The story is told in the first person by a woman named Offred, considered a criminal for trying to escape to Canada with a forged passport with her husband and five-year-old daughter; she is also considered an adulterer for being married to a divorced man. Her marriage was forcibly dissolved, and her daughter was taken from her. Instead of being sentenced under the Republic of Gilead's draconian criminal justice system, Offred accepted training to become a "Handmaid" at the Rachel and Leah Centre, an alternative only available to fertile women: environmental pollution and radiation have drastically affected fertility, and she is one of the few remaining women who can conceive. She has been assigned to produce children for the "Commanders", the ruling class of men, and is made a Handmaid, a role based on the biblical story of Rachel and her handmaid Bilhah. Handmaids are called by a patronymic constructed “of” + the first name of the head of their households; their names change as they change households.

Women are classed socially, their rank indicated by the color and design of their clothing. From highest to lowest, the Commanders' Wives are clad in sky blue, their unmarried daughters in white, the Handmaids in red with obvious large white bonnets, the Aunts (who train and indoctrinate the Handmaids) in brown, the Marthas (cooks and maids, possibly unmarried sterile women past child-bearing years) in green, Econowives (the wives of lower-ranking men who handle everything in the domestic sphere) in blue, red and green stripes, and widows in black.
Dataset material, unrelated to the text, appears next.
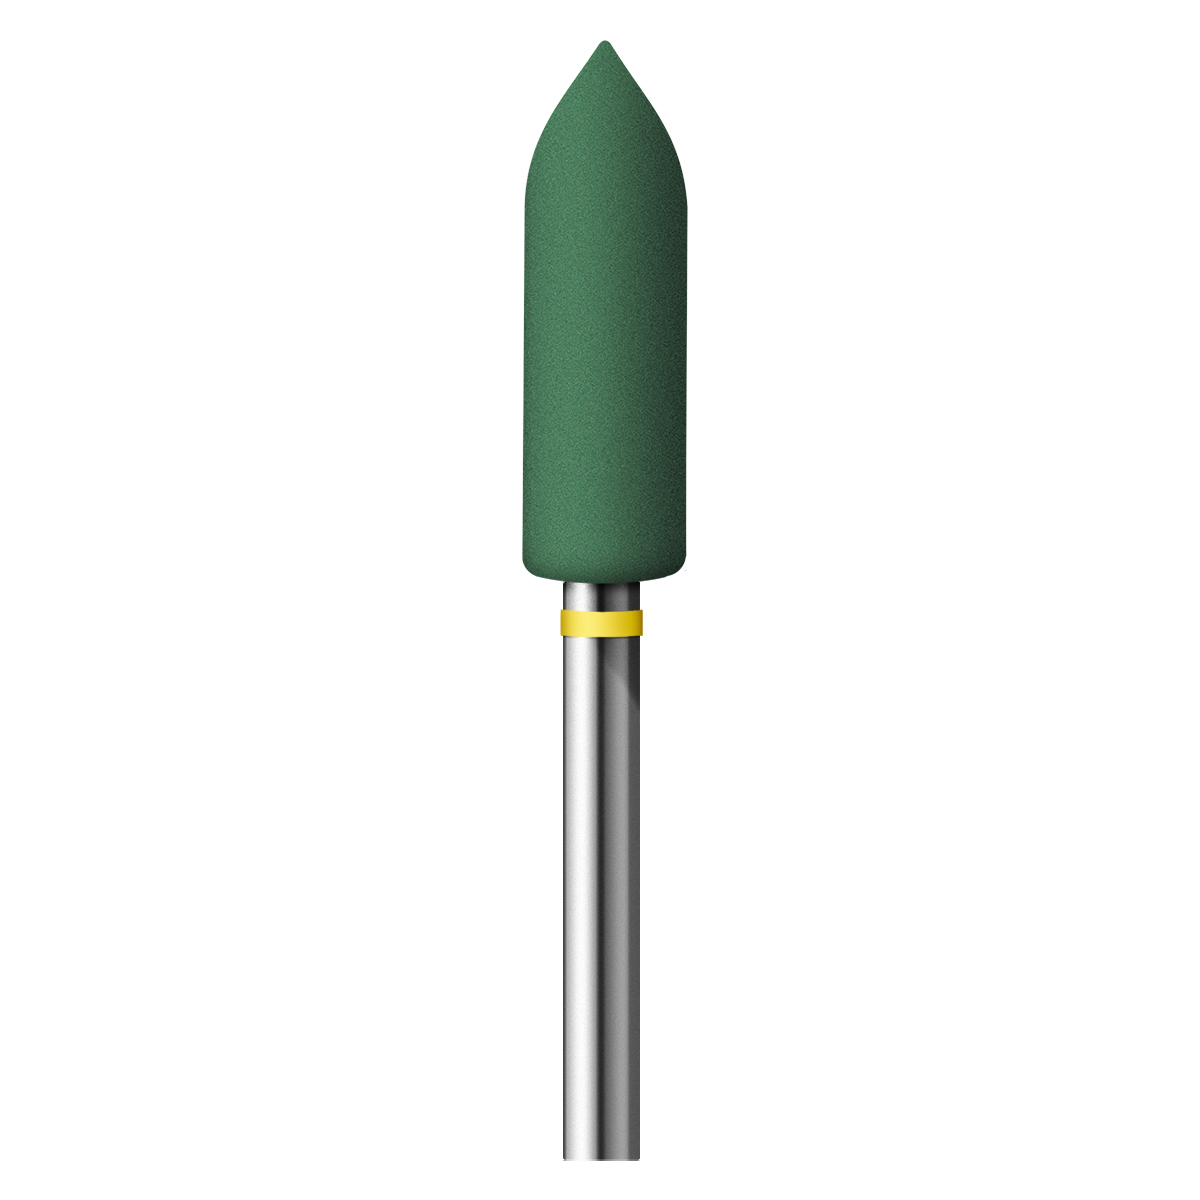 Polierer Alphaflex, grün, Torpedo, Ø 5 x 16 mm, Korn sehr fein, HP-Schaft, 12 Stück
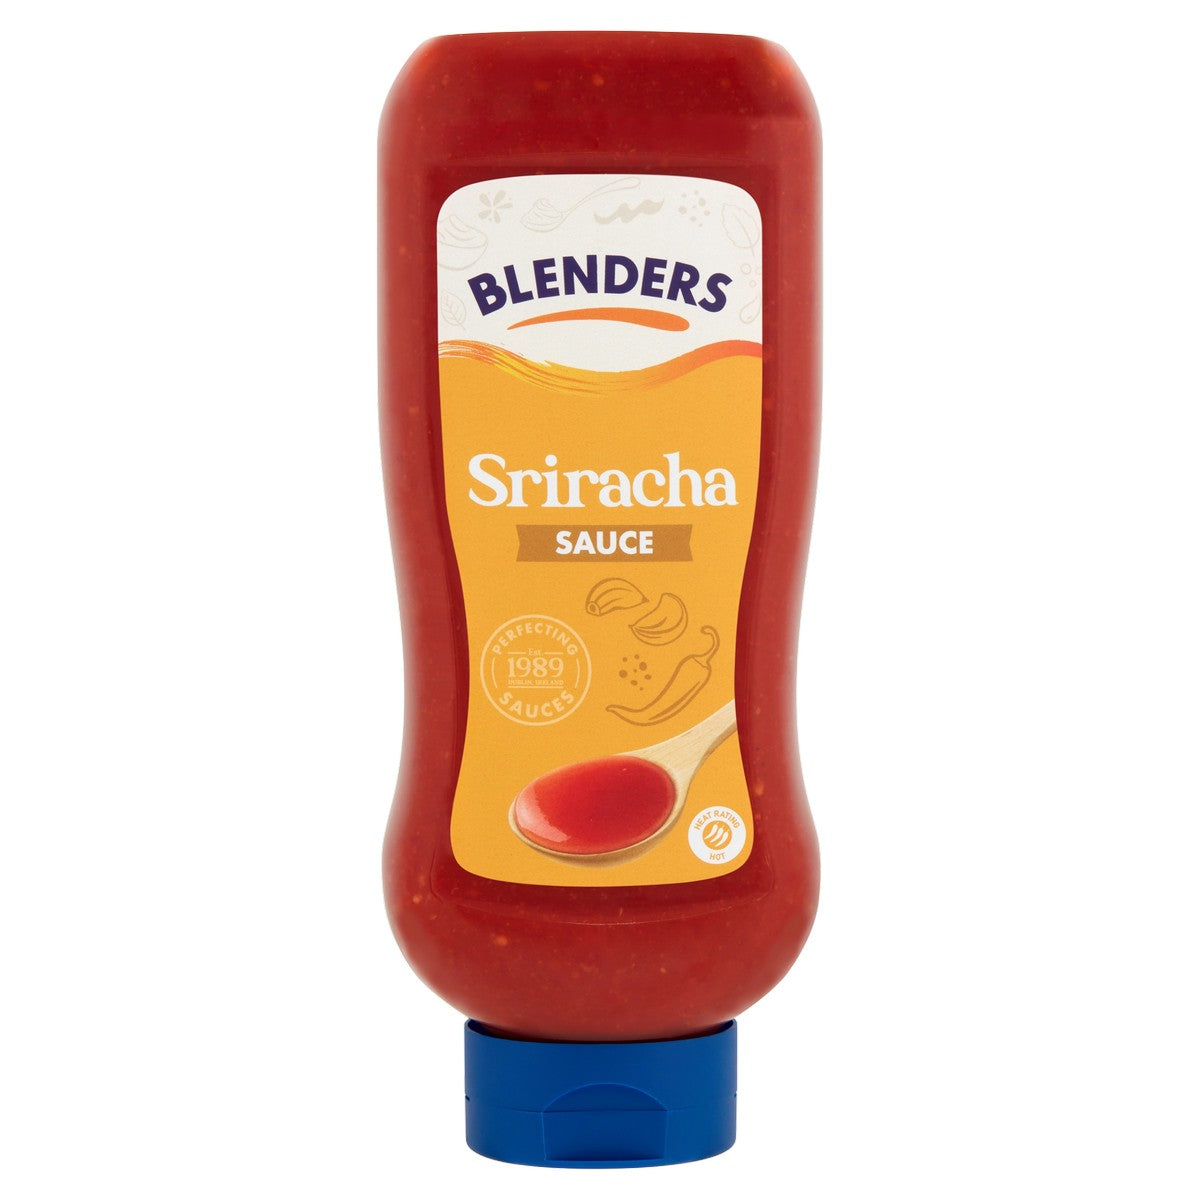 Blenders Sriracha Sauce 1kg

Offred details her life, starting with her third assignment as a Handmaid to a Commander. Interspersed between the narrative of her present-day experiences are flashbacks of her life before and during the beginning of the revolution, including her failed escape, indoctrination by the Aunts, and her friend Moira's escape from the indoctrination facility. At her new home, she is treated poorly by the Commander's wife, Serena Joy, a former Christian media personality who supported women's domesticity and subordinate role well before Gilead was established.